Once I released her, she grabbed her bag and turned to give her parents one last hug. "I'll see you in 3 months." She said and started to make her way down the path. The three of us watched her leave and I felt a hand on my shoulder. "She'll come home." Henry said, but I think he was trying to convince himself as much as me.
It had been 2 months since Y/n had gone. I had been writing to her three or four times a week, after getting the address from my mom. I had a couple of short replies from her, which was more than I had expected. Maybe she was starting to warm up to me more. I couldn't wait for her to come home as I had a whole plan to win her back. I knew Y/n better than most people. Yes it may be 5 years and she's changed but I know there are some things that will never change. So, I was going to use all of that knowledge to win her back over.
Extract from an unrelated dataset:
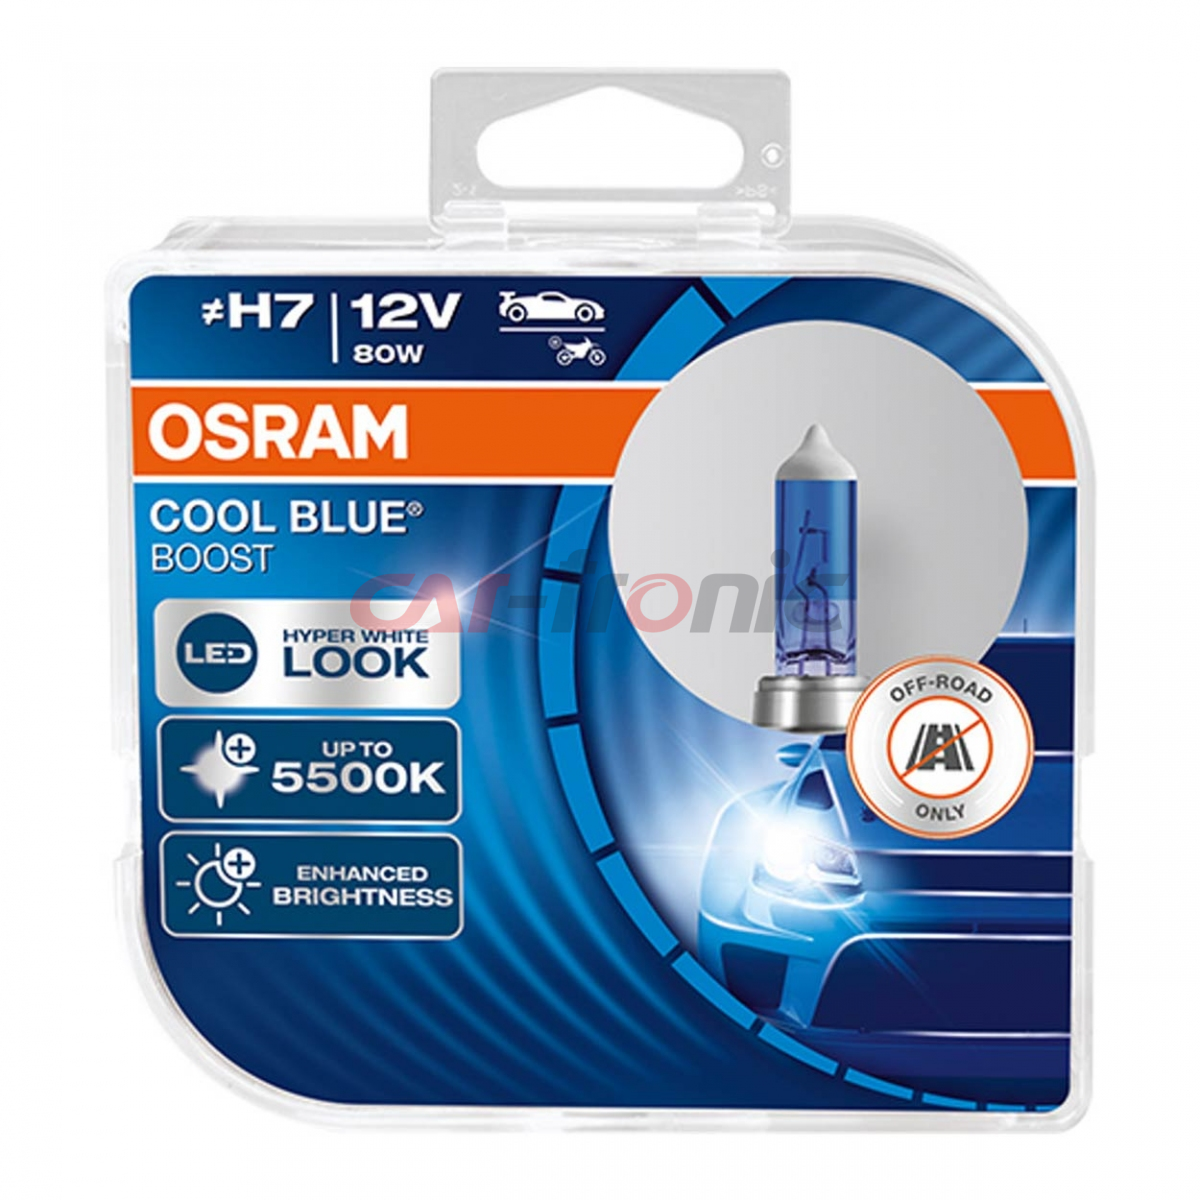 Żarówka halogenowa Osram H7 12V 80W PX26d Cool Blue Boost 5500K/ 2 szt.

I was working on some emails when I heard a knock at the door. I got up and was greeted by my mom at the door, but I quickly noticed that her eyes were red and puffy. "Mom, what's wrong? Is dad ok?" I asked panicked as I guided her into the living room. She shook her head and took a deep breath. "It's Y/n." She whispered and, in that moment, I felt my heart tear in two. "I just had a call from Henry. Y/n's unit came under attack, she got hurt and they couldn't get to her. They had to retreat without her. She's been declared missing in action, presumed dead." Her words were like knives to my already wounded heart.
I dropped to my knees and let out a cry. My mom knelt next to me and pulled me into a hug. We both cried together. "But they haven't found a body, so she could still be alive." I said trying to grasp on to any hope. "Sweetheart, her injuries were severe. They said the likelihood of her surviving was extremely small." My mom sobbed.  I can't believe, the woman that I love is dead. I never should have left her all those years ago. Maybe she wouldn't have joined the army if we were still together. She'd still be alive, and we'd be together like we were meant to me.
As my sobbing got louder, my mom held me closer. "It's ok sweetheart. We'll get through this together." She said through her own tears. "It won't be ok. I've lost her forever. It's all my fault! I was such a selfish asshole and it's cost me the love of my life." My mom and I held each other, mourning the loss of someone so important in both of our lives.
She died a hero, saving the lives of her men by ordering the retreat whilst she was injured knowing she wouldn't make it. I wouldn't have expected anything less from her. She always put other people first. In this instant it cost her her life. I should have put her first like she had always done to me. I should have never let a day go by where she didn't know how much I loved her. But instead, I'm sat here mourning the loss of the one person I can't live my life without. I was just too late to realise it.